Beispiel (0) Das Internet bietet viele Vorteile, die gern genutzt werden. → a
24 Angriffe auf sensible Daten verursachen zunehmend finanzielle Verluste.
25 Reflektiertes Nutzerverhalten kann dazu beitragen, die Verbreitung von Daten einzuschränken.

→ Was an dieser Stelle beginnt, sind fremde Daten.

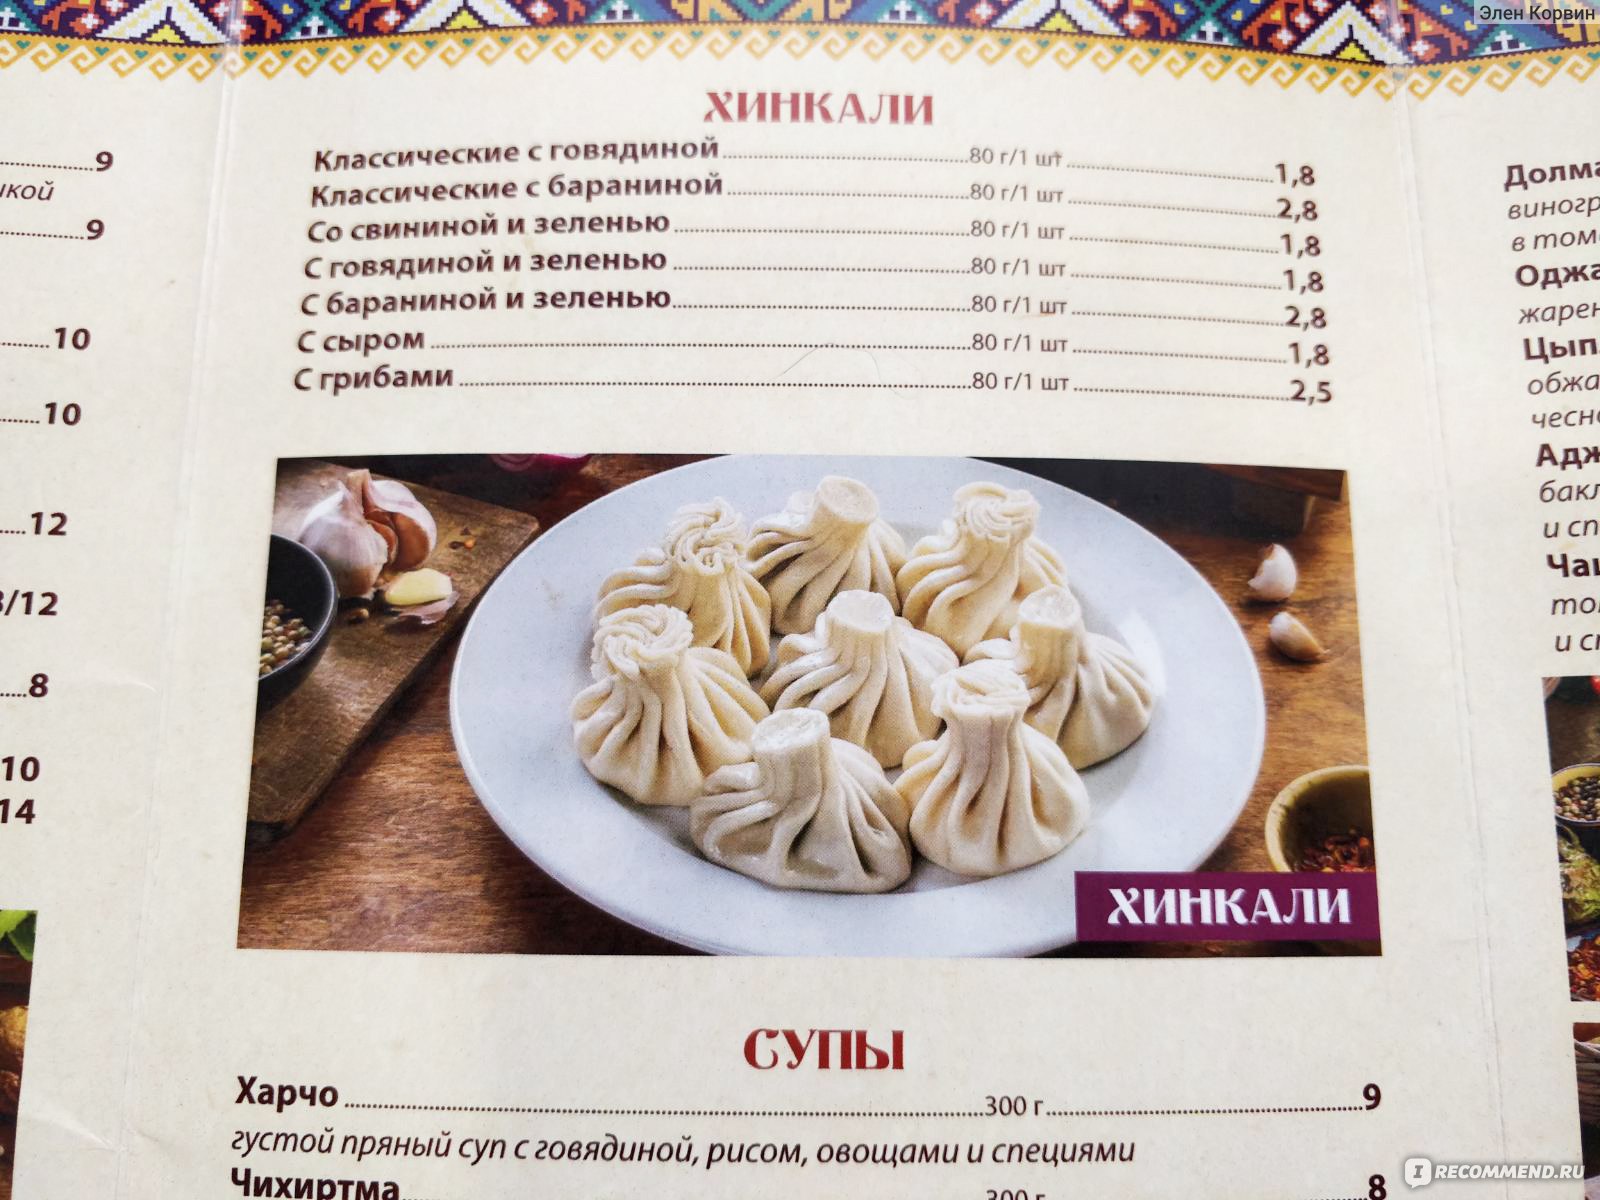 как правильно кушать хинкали грузинские в ресторане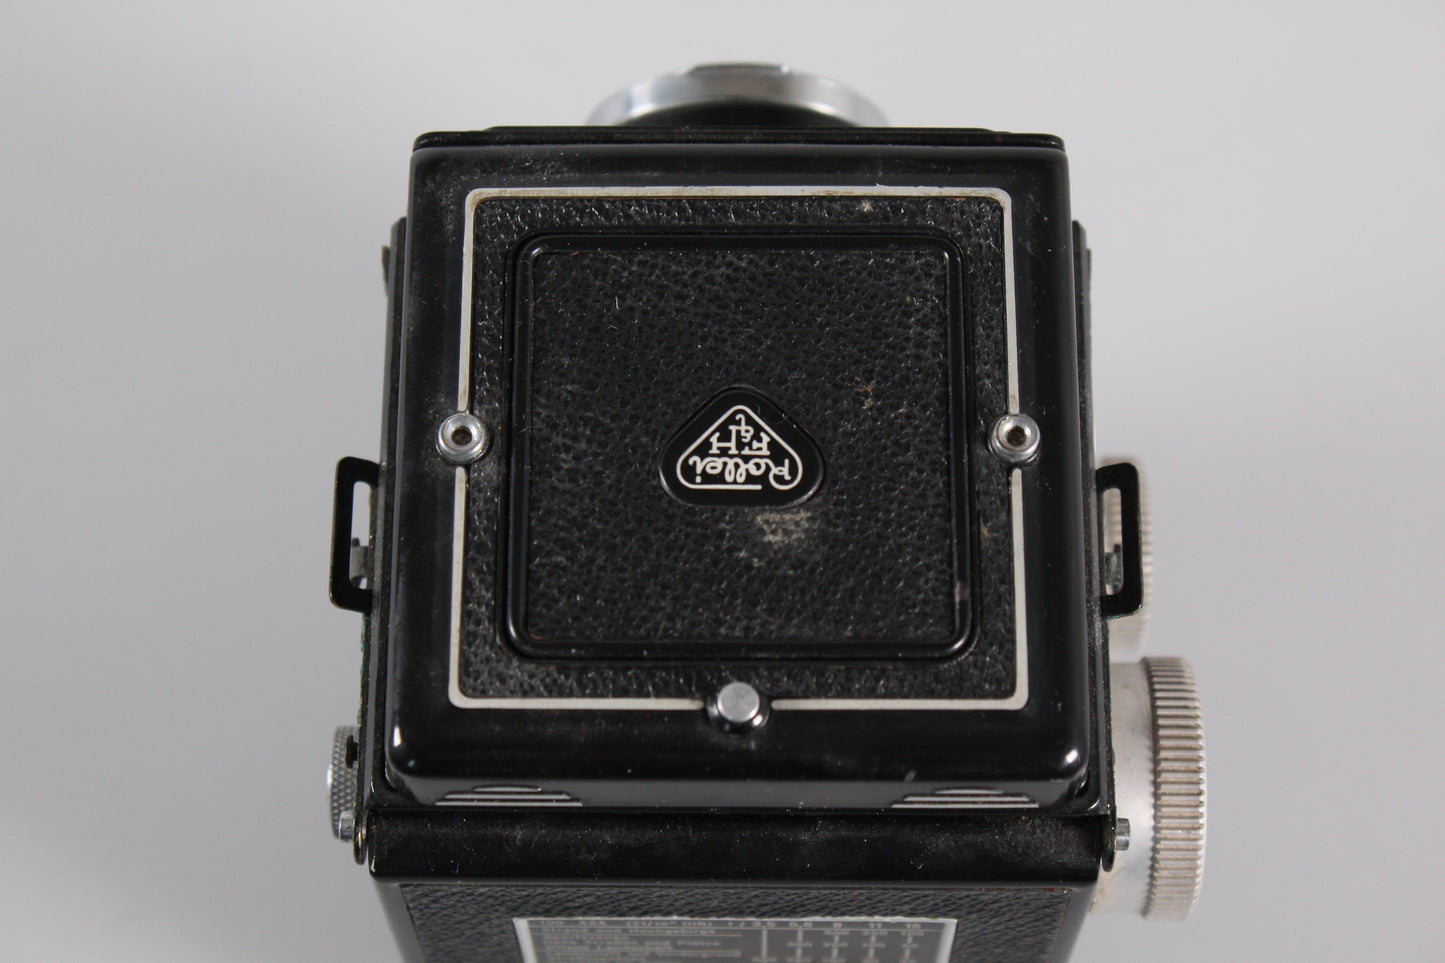 Rolleicord III Schneider Xenar 75mm f3.5 Medium Format Camera TLR

26 Unternehmen, die nicht ausreichend für Datenschutz sorgen, werden Kundinnen und Kunden verlieren.
27 Dank immenser Datenmengen können Unternehmen individuelle Kundenangebote erstellen.
28 Inhaber von Internetseiten wollen effizient zum Schutz der Bürgerinnen und Bürger beitragen.
29 Trotz gegenteiliger Äußerungen gehen Nutzerinnen und Nutzer sorglos mit persönlichen Angaben um.
30 Kostenlose Dienstleistungen zielen auf die Gewinnung persönlicher Daten.